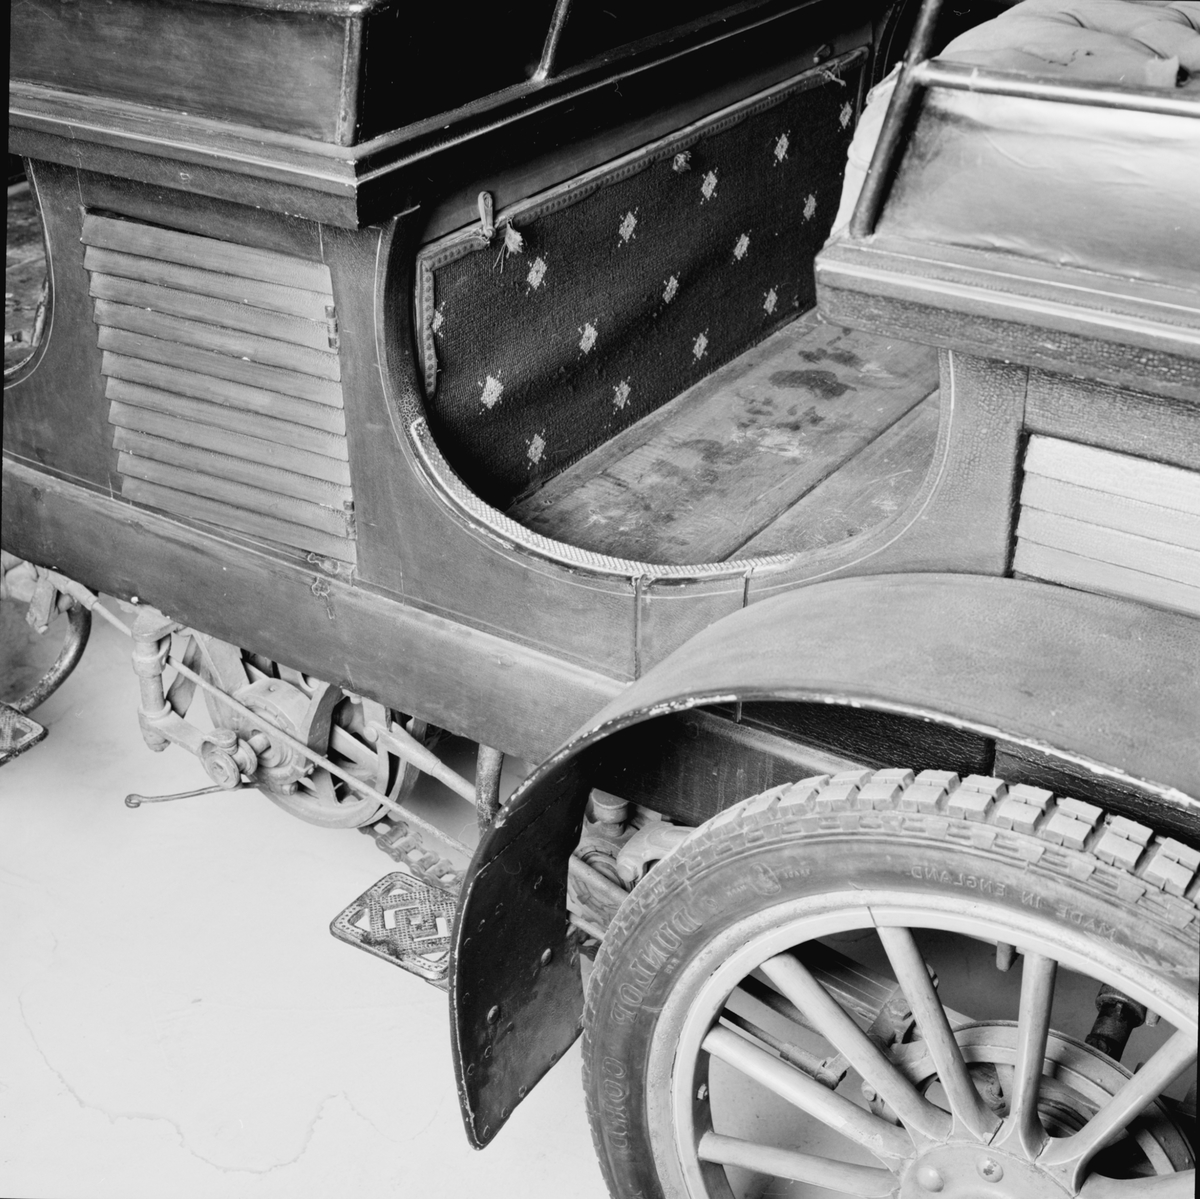 Scania 1902 för fyra personer. Motorn är tillverkad av Aster, Atéliers de Construction Mécanique l'Aster, Frankrike. Kedjedrivning till bakaxeln av de Diontyp. En Kemper motor med tvångsstyrd avlopps- och självstyrd inloppsventil. Karossen byggdes av G A Jönssons Vagnfabrik AB i Malmö och tyg till dynor och ryggstöd samt de ursprungliga lyktorna var inköpta hos firma Sally Mayjer i Köpenhamn.  Encylindrig vattenkyld fyrtaktsmotor. Planväxellåda med två växlar framåt samt backväxel.
Hastighetsutväxlingar 2, kraftöverföringen vid de olika växlarna sker medelst kedjor samt till bakaxeln med en enkel kedja i mitten av vagnen. Bakaxel differentialen är upphängd i vagnen och sker kraftöverföringen till bakhjulen medelst kardanaxlar med dubbla knutar.
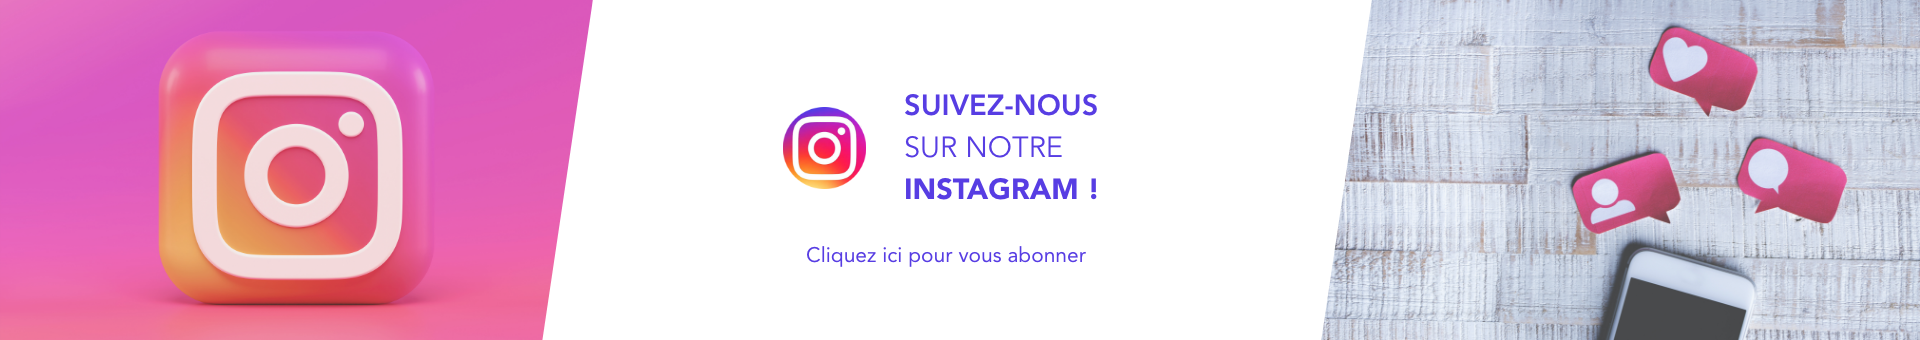 Logo rose du réseau social Instagram de la pharmacie
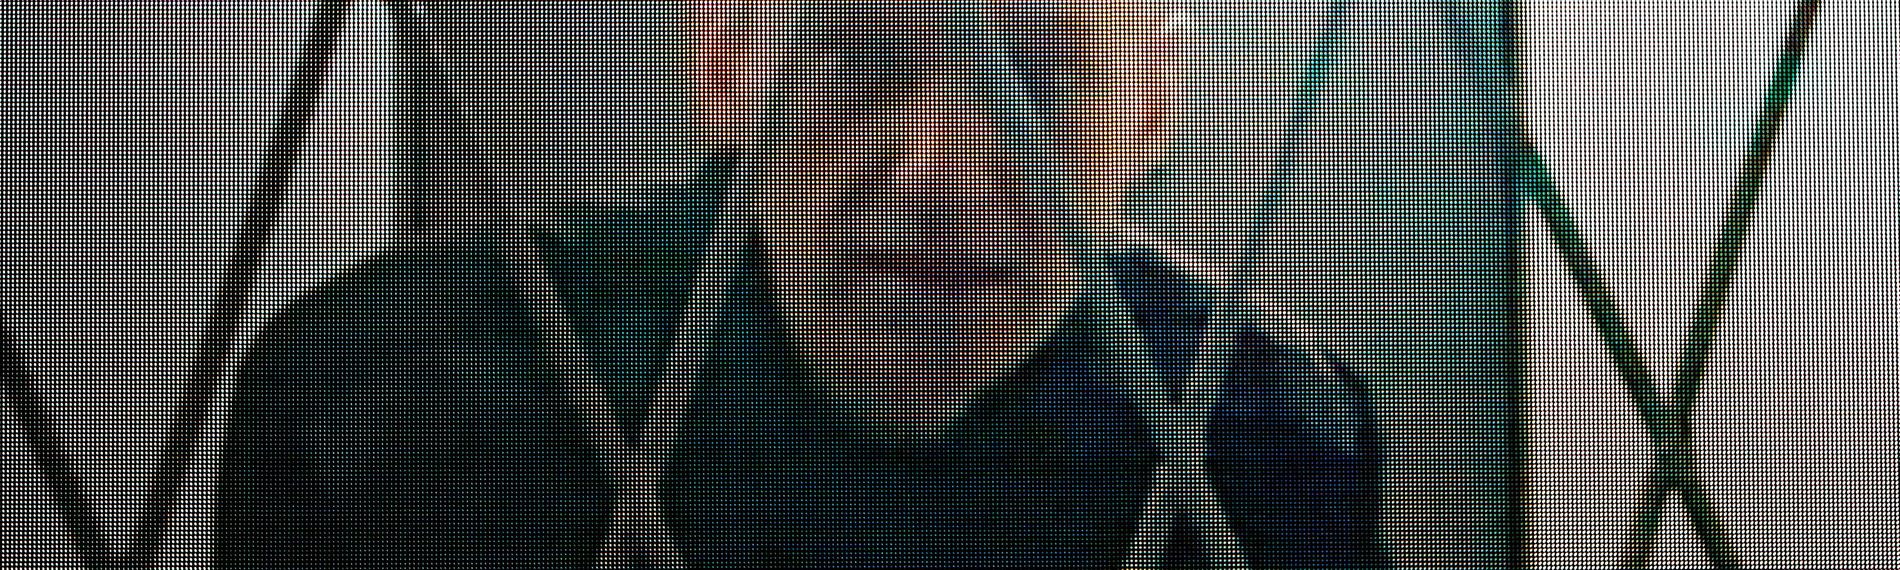 Ein Mann mit kahlgeschorenem Kopf sitzt hinter einem Gitter.

**********

Beginning with the line that includes "Logo rose du" and ending with the last line of the material, reproduce those lines exactly and nothing else, with no pictures.

 Logo rose du réseau social Instagram de la pharmacie
 Ein Mann mit kahlgeschorenem Kopf sitzt hinter einem Gitter.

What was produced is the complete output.